Russia has rejected Western charges that it nominated Mr. Tosovsky mercurially (with the world’s third largest currency reserves, Russia does not need IMF credit) or to spite Brussels and Washington.

“We have two goals,” Russia’s IMF Director said. “First, we want to have a good IMF Managing Director. Second, we want to create a very positive and useful precedent, which would allow representatives of all countries and regions to participate in such elections. We think Mr. Tosovsky’s victory would put an end to the existing notorious informal deal once and for all.”

“It is depressing when [the IMF’s] Russian executive director speaks more sense about the future of the IMF than does the EU,” The Financial Times wrote.

As is turned out, the trans-Atlantic solidarity prevailed and the Russian candidate looks set to lose. It will still be interesting to see what level of support Russia gets in the straw vote that precedes a “consensus” approval of the IMF head, and how Third World leaders such as India and China vote. Both countries have been non-committal, even as the EU candidate claimed after consultations in Delhi and Beijing that he was assured of their support.

But all the same, Russia will score an important strategic victory. It has called the West’s bluff, challenging Europe and the U.S. to act on their promises to choose the IMF head on merit, rather than on the basis of a backstage deal. Russia has acted as a responsible member of the international community, genuinely concerned that the IMF should regain its strength and authority.

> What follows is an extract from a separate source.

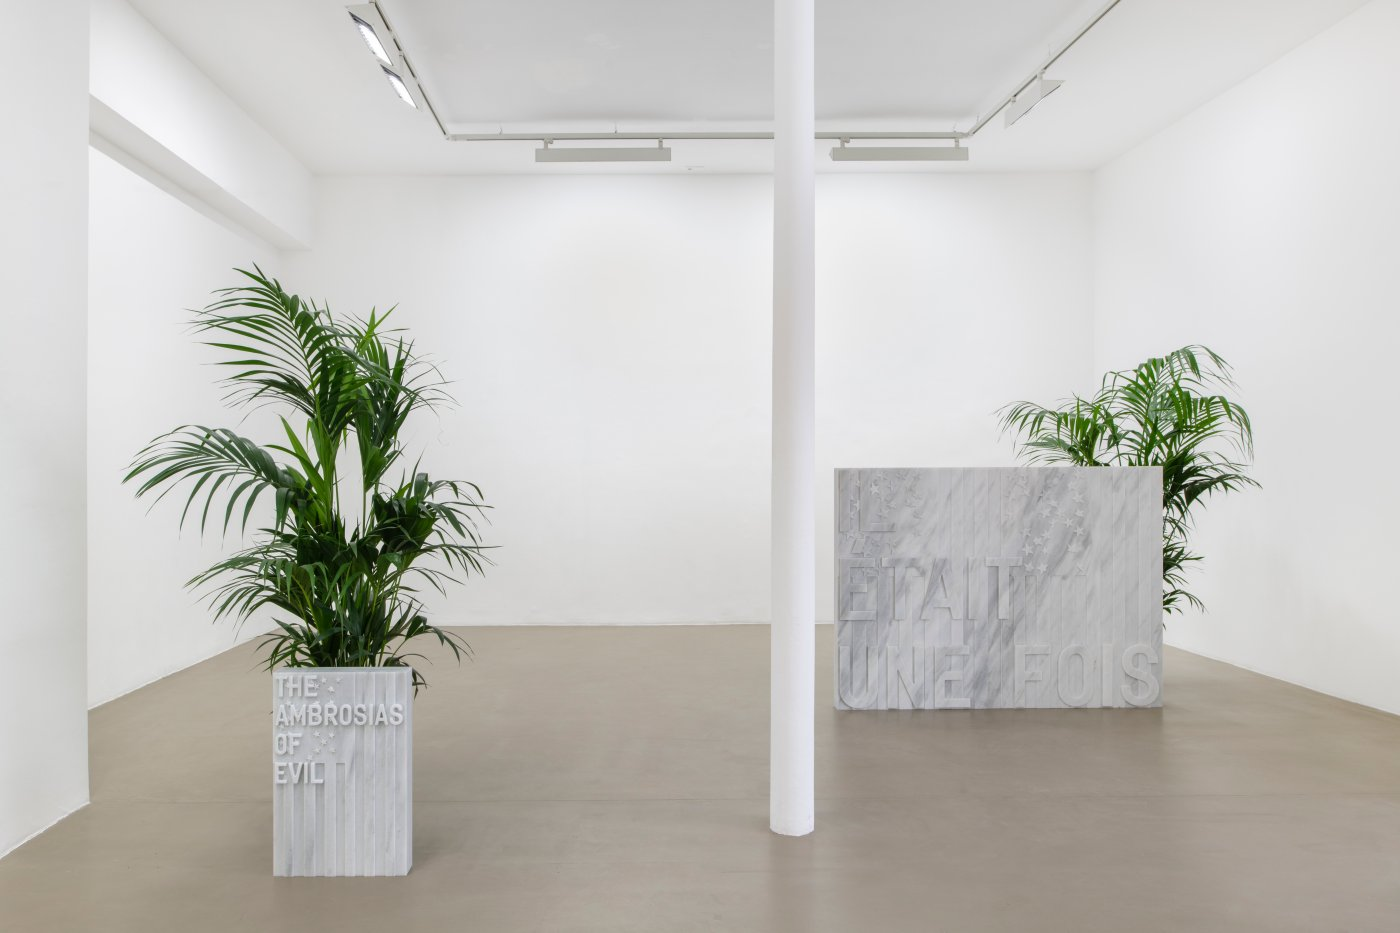 Galerie Chantal Crousel Rirkrit Tiravanija 2

Even though Russia failed to sway the EU on the IMF candidacy, it has wrested from it a pledge to consider nominating non-EU nationals to the post in the future.

“Within the Eurogroup and among the EU’s Finance Ministers, everybody agrees that Strauss-Kahn will probably be the last European to lead the IMF in the foreseeable future,” said Jean-Claude Juncker, Luxembourg Prime Minister and Chairman of the Eurogroup Finance Ministers.

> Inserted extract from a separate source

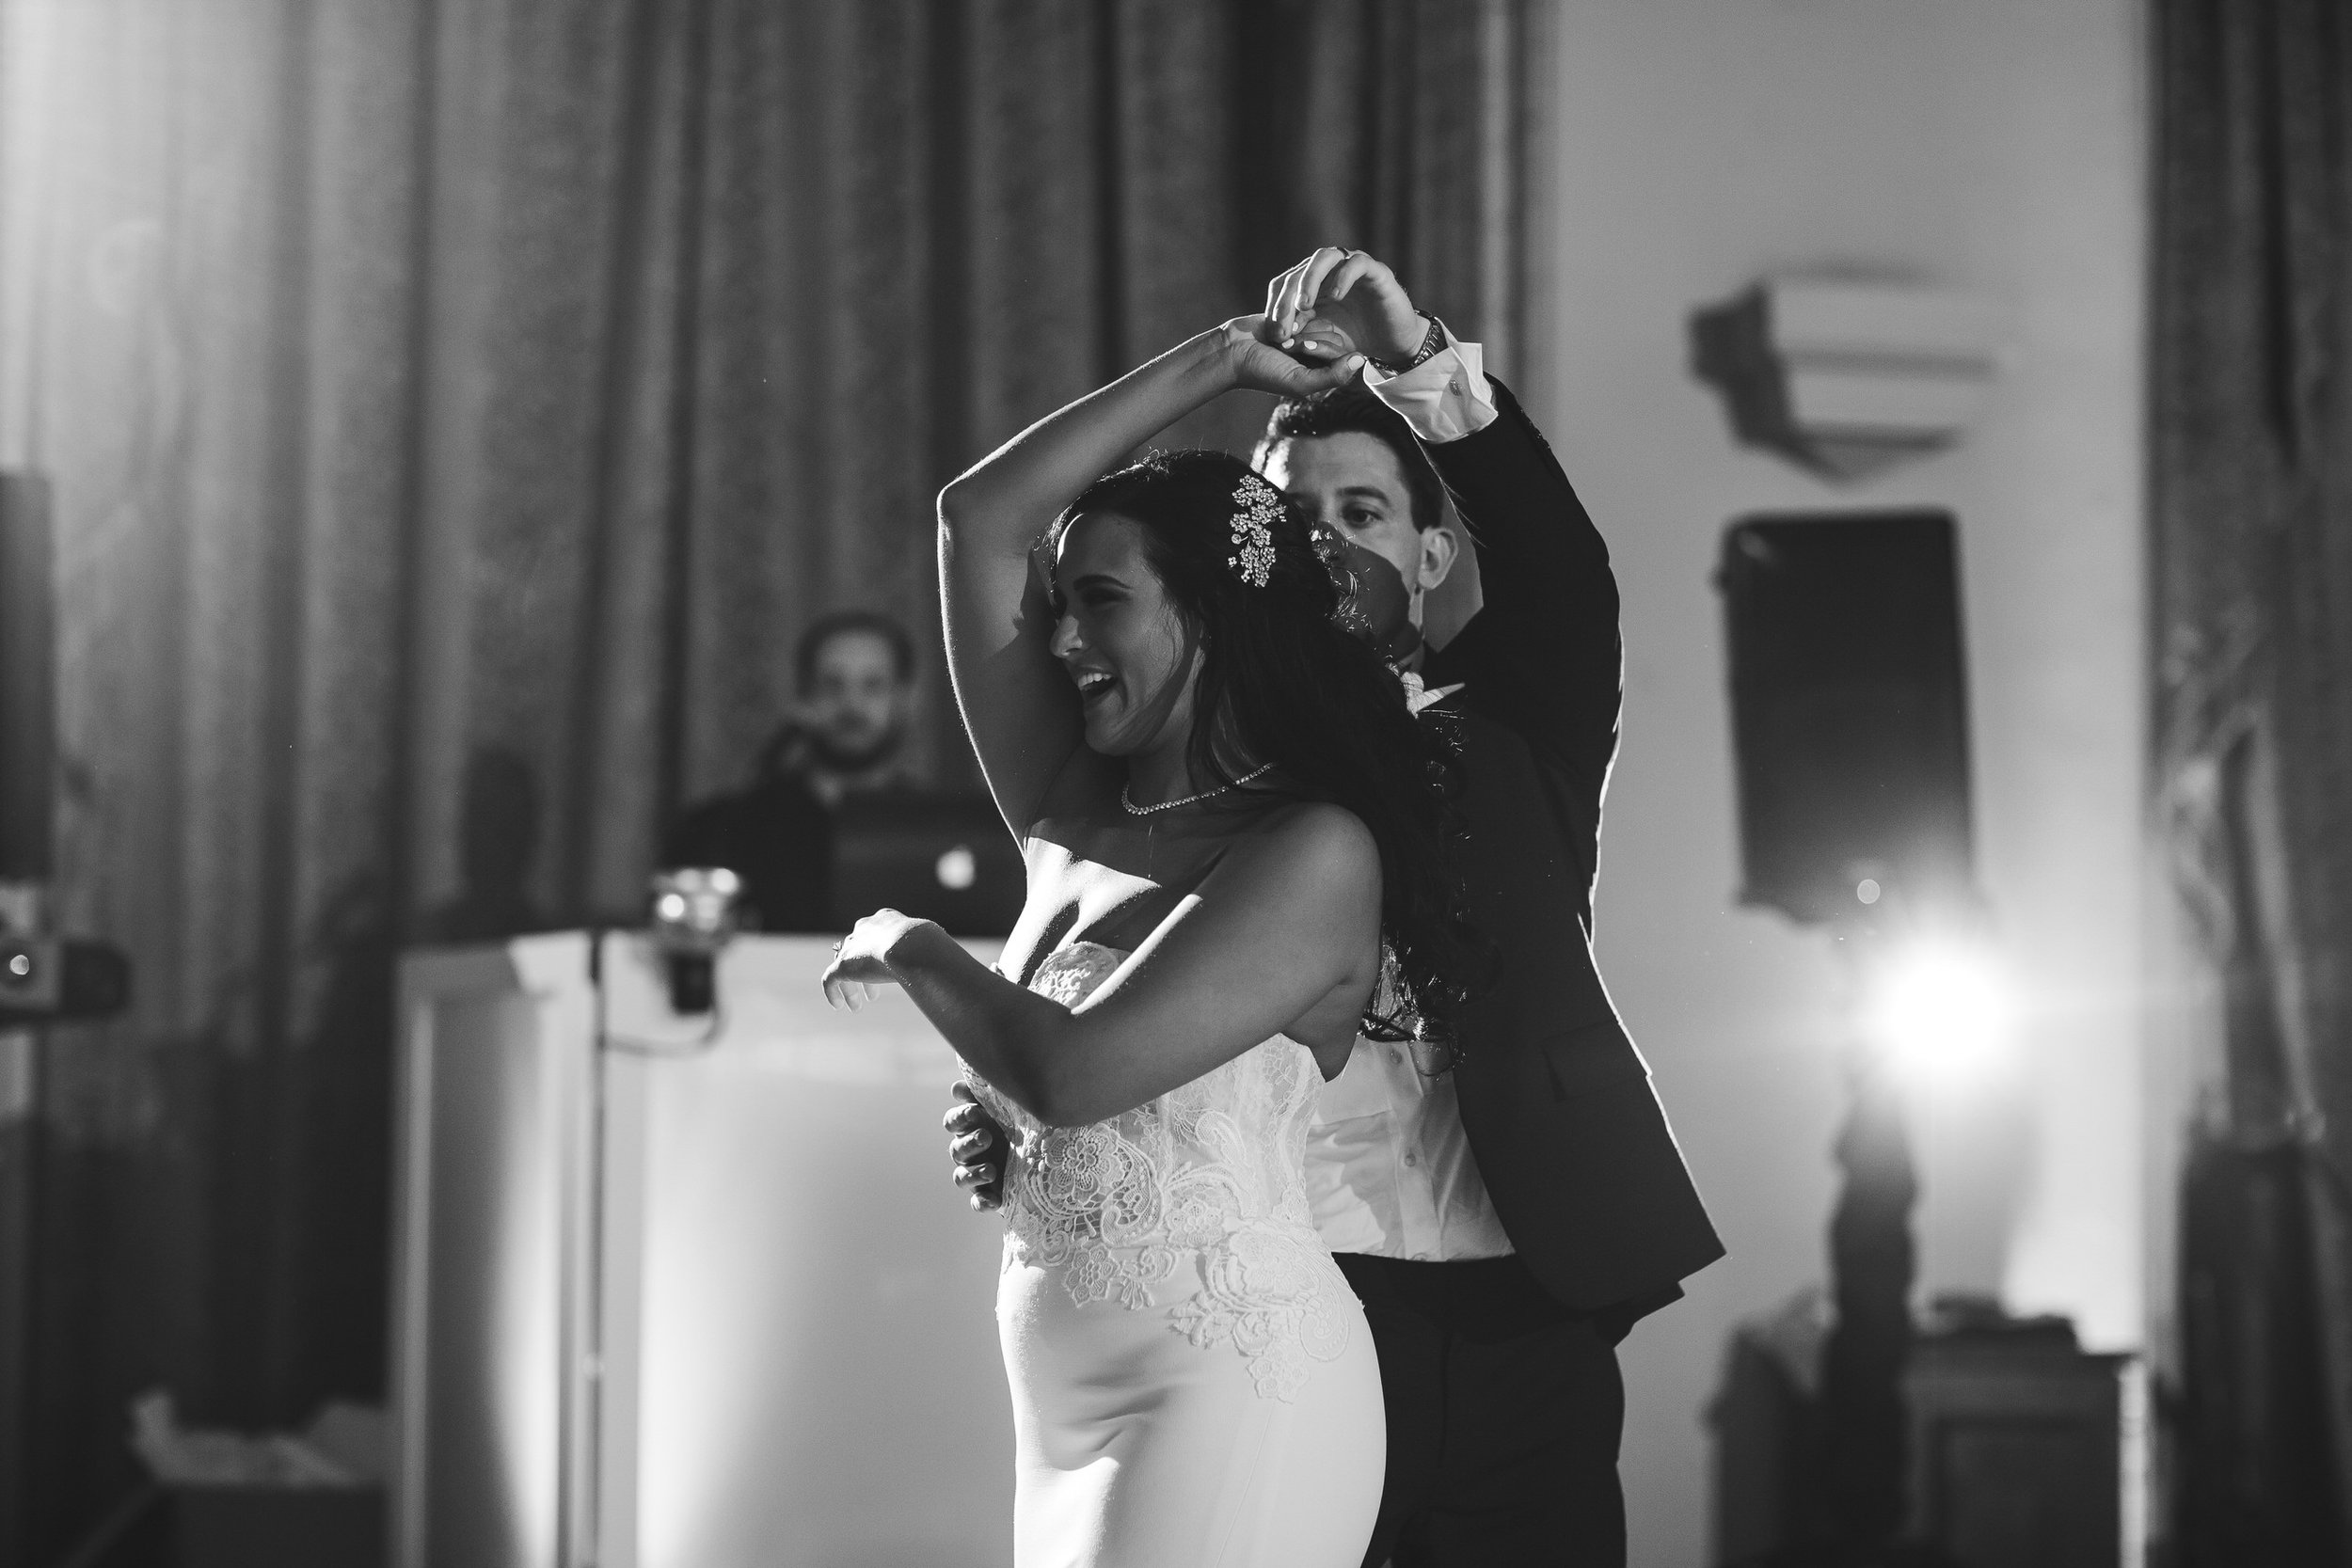 miami-biltmore-wedding-photographer-reception-party-31.jpg

Washington also endorsed in principle Moscow’s idea of competitive elections for the IMF head.

A warning

Russia’s nomination of Mr. Tosovsky has served a warning to the West that unless the international financial institutions are reformed to reflect the historic shift in the balance of global power they may face eclipse. Russian President Vladimir Putin has already called for a “new architecture of international economic relations” to guarantee sustained development.

Addressing an economic forum in St. Petersburg in June, Mr. Putin sharply criticised the World Trade Organisation (WTO) and other traditional economic institutions for being “archaic, undemocratic and inflexible,” and dominated by a small group of developed countries which indulge in protectionism. He said it was time to think of establishing “regional Eurasian free trade institutions,” as well as “several reserve world currencies and several financial centres.”

Russia is thus asserting itself as a genuine leader and champion of multipolarity and democratic reforms in international affairs.